Des souvenirs de plus de 40 ans sont parfois approximatifs, et pourtant, je me souviens précisément de son regard juste au-dessus de la baie de pare-brise, (un modèle avec le T-Top sans doute), un regard qui semblait me dire qu'il a été quelqu'un d'autre, qu'il s'excuse de ce qu'il est aujourd'hui et je dois avouer que sans méchanceté... entre les photos et ce monsieur à la tenue négligée dans cette voiture inerte, mal éclairée avec cette odeur d'humidité du sous-sol… ce sont deux mondes opposés!
Mais surtout, et aujourd’hui encore, j’ai de l'empathie, je ressens de la tristesse et toujours cette question… mais que s'est -il passé pour en arriver là ?

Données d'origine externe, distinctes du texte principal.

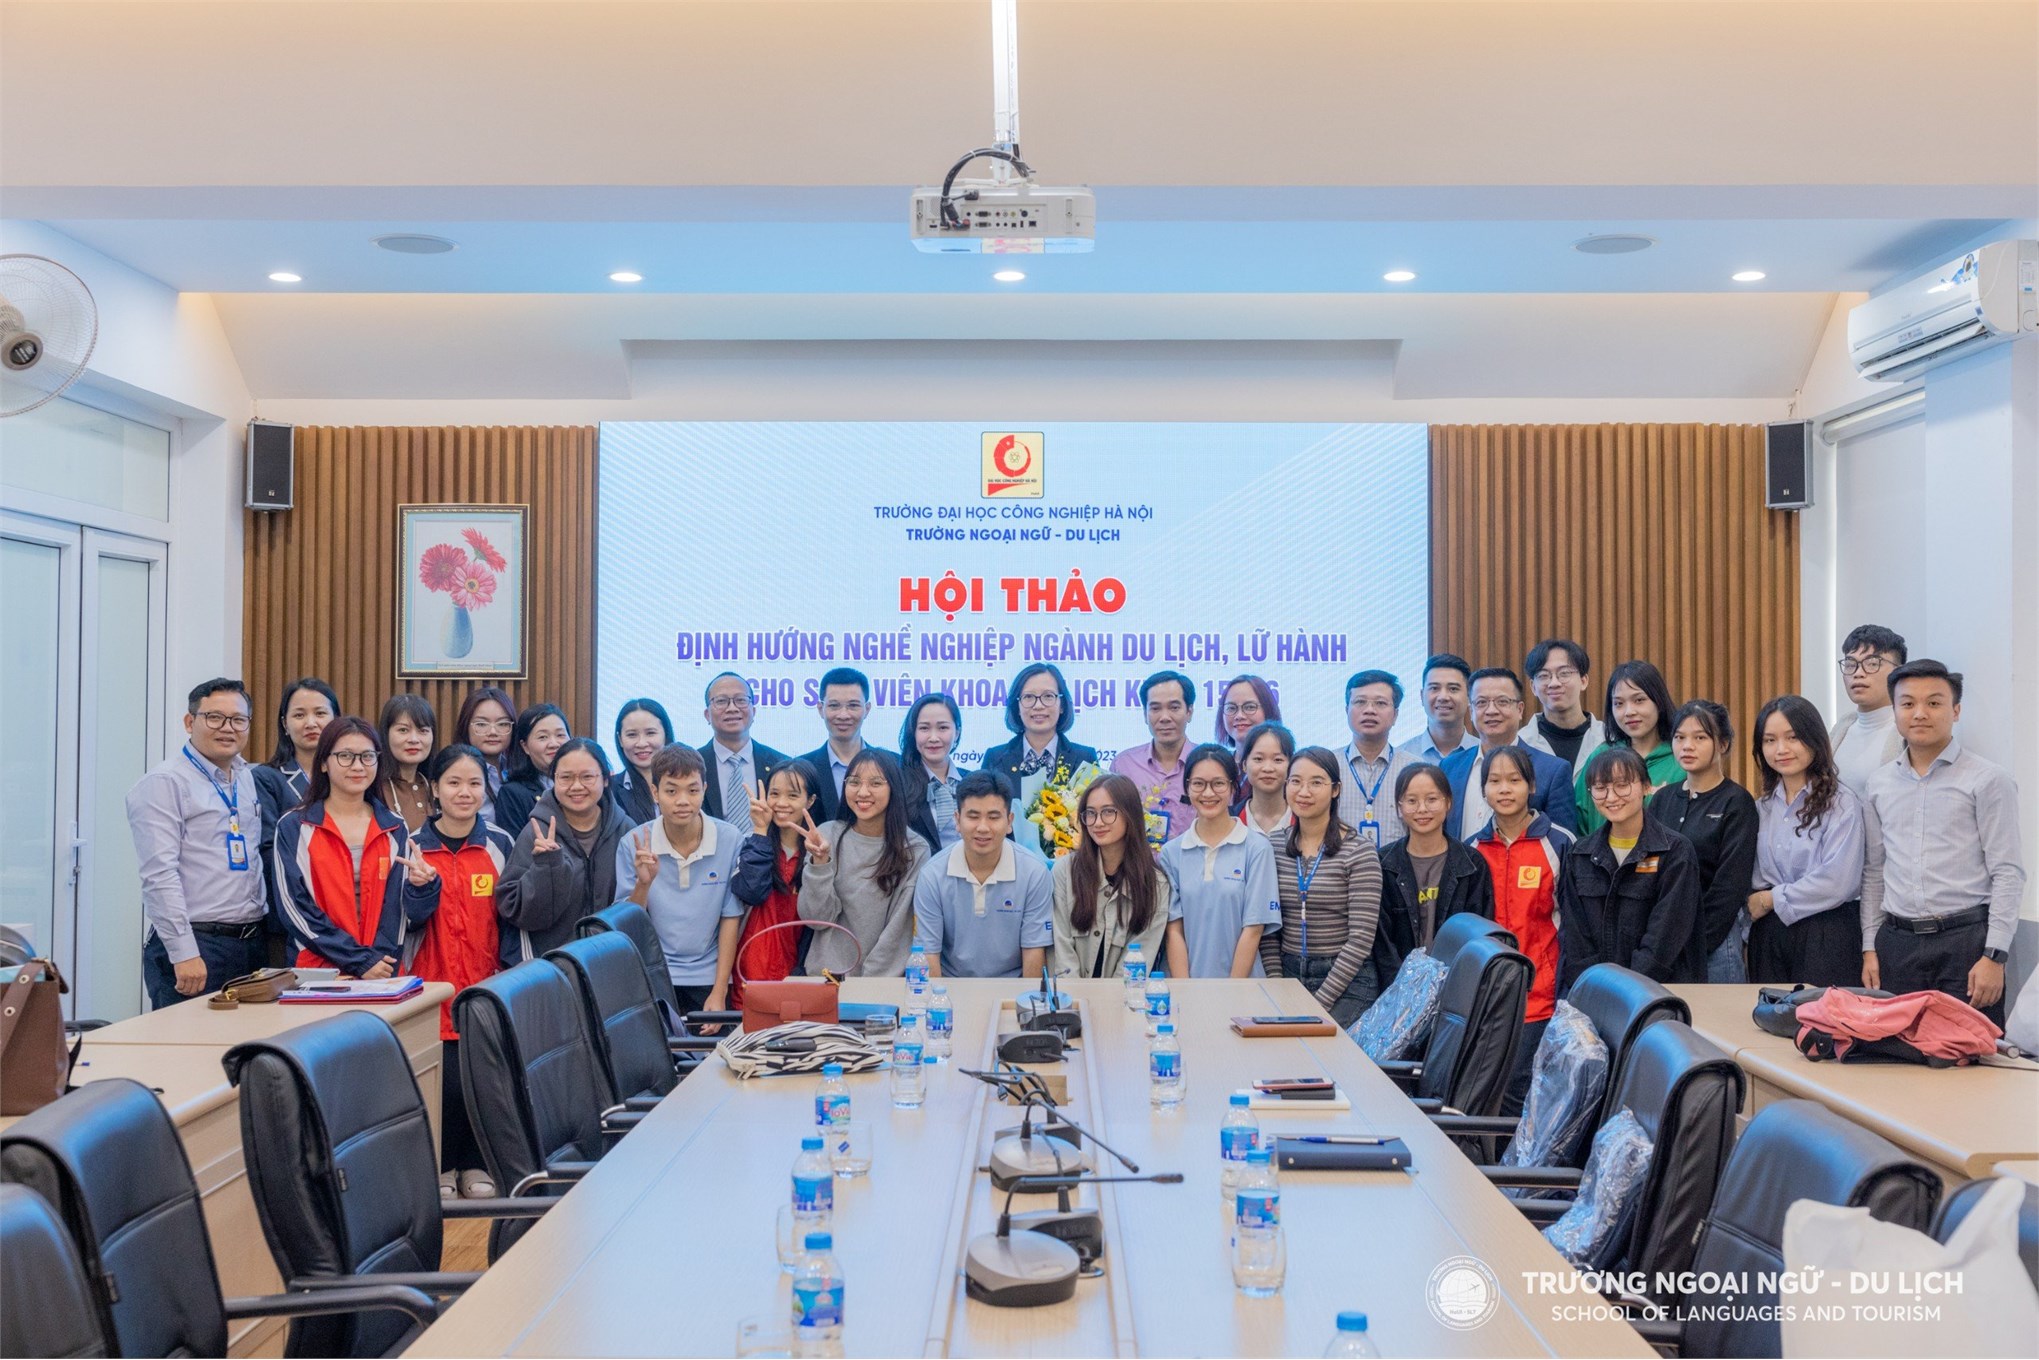 Thúc đẩy mối quan hệ hợp tác sâu rộng trong lĩnh vực du lịch, lữ hành giữa Trường Ngoại ngữ - Du lịch và SaigonTourist

Nous l’aidons à ressortir de l’auto, remettons en place les draps et avant de sortir de la pièce, Thierry me fait remarquer discrètement un des murs en me précisant qu'il m'expliquera plus tard.

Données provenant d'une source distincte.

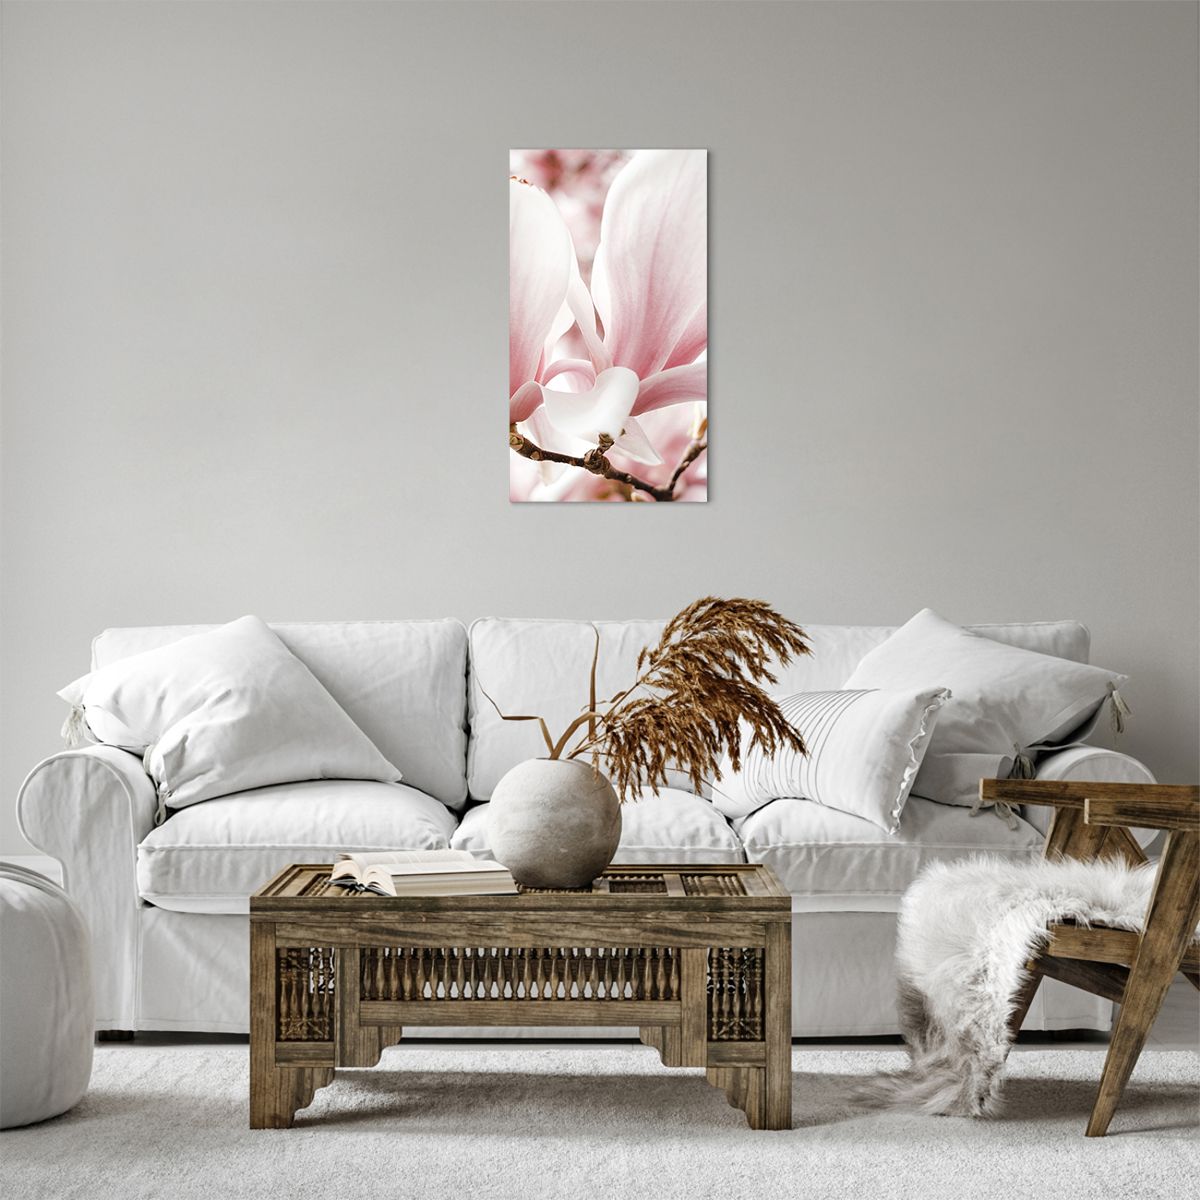 Obrazy na płótnie Gałązka Magnolii, Obrazy na płótnie Kwiat, Obrazy na płótnie Magnolia, Obrazy na płótnie Ogród, Obrazy na płótnie Natura

Je vois en effet un mur mal construit qui bizarrement est monté devant la porte du garage, comme pour la condamner! C'est moi qui bascule le vieil interrupteur métallique et après un « clac », la Corvette retourne à sa solitude en attendant une prochaine visite sans doute lointaine.
Pas d’humanisation avec les automobiles, mais quand même……elle me fait de la peine, elle qui a dû être tant convoitée, regardée, enviée aux oreilles de certains.

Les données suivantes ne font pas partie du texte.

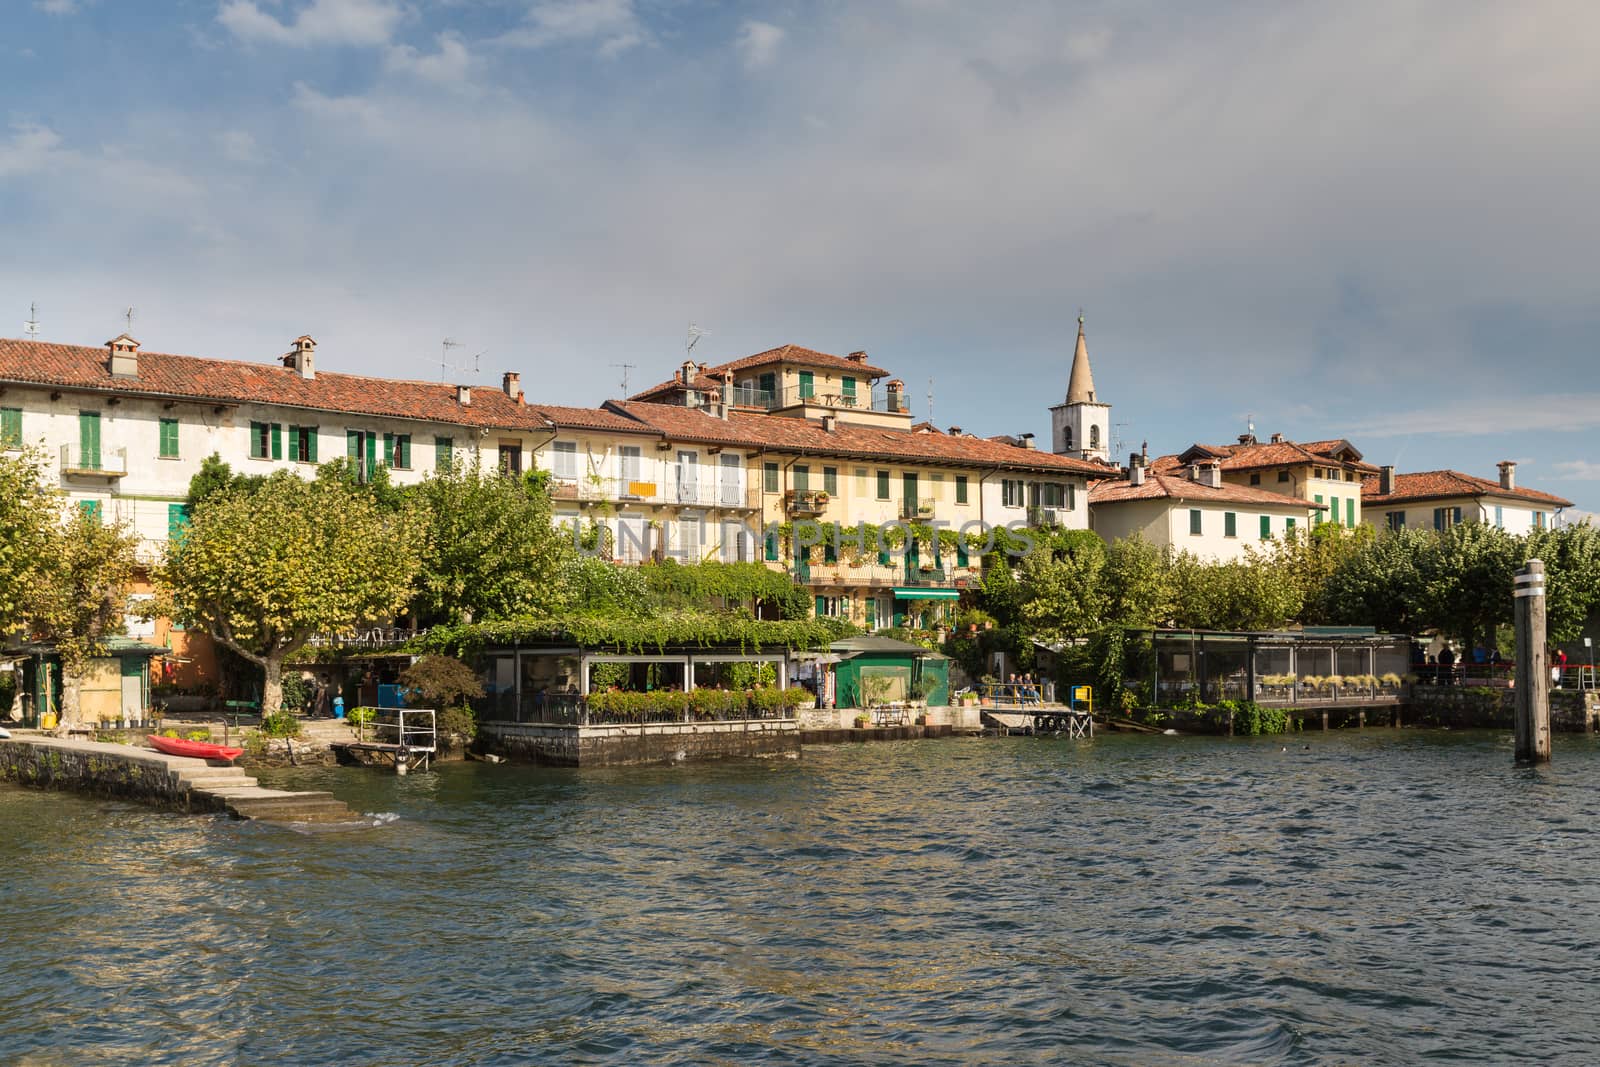 Isola dei Pescatori on Lake Maggiore near Stresa by chrisukphoto

Notre trio remonte à l’étage, l’oncle continu son ascension comme s’il voulait rejoindre son repaire rapidement, il salue tout le monde avec quelques mots de circonstance et disparait derrière la porte de sa chambre…
Mon ami et moi prenons également congé, accompagnés jusqu’au portail par le grand-père. Je démarre la GTI et dans une ambiance des plus silencieuses, nous prenons la route vers Montreuil.
Paradoxalement, j'ai un souvenir assez vague des explications que me donne Thierry sur cet oncle et pourtant, je me suis interrogé sur lui toute la journée !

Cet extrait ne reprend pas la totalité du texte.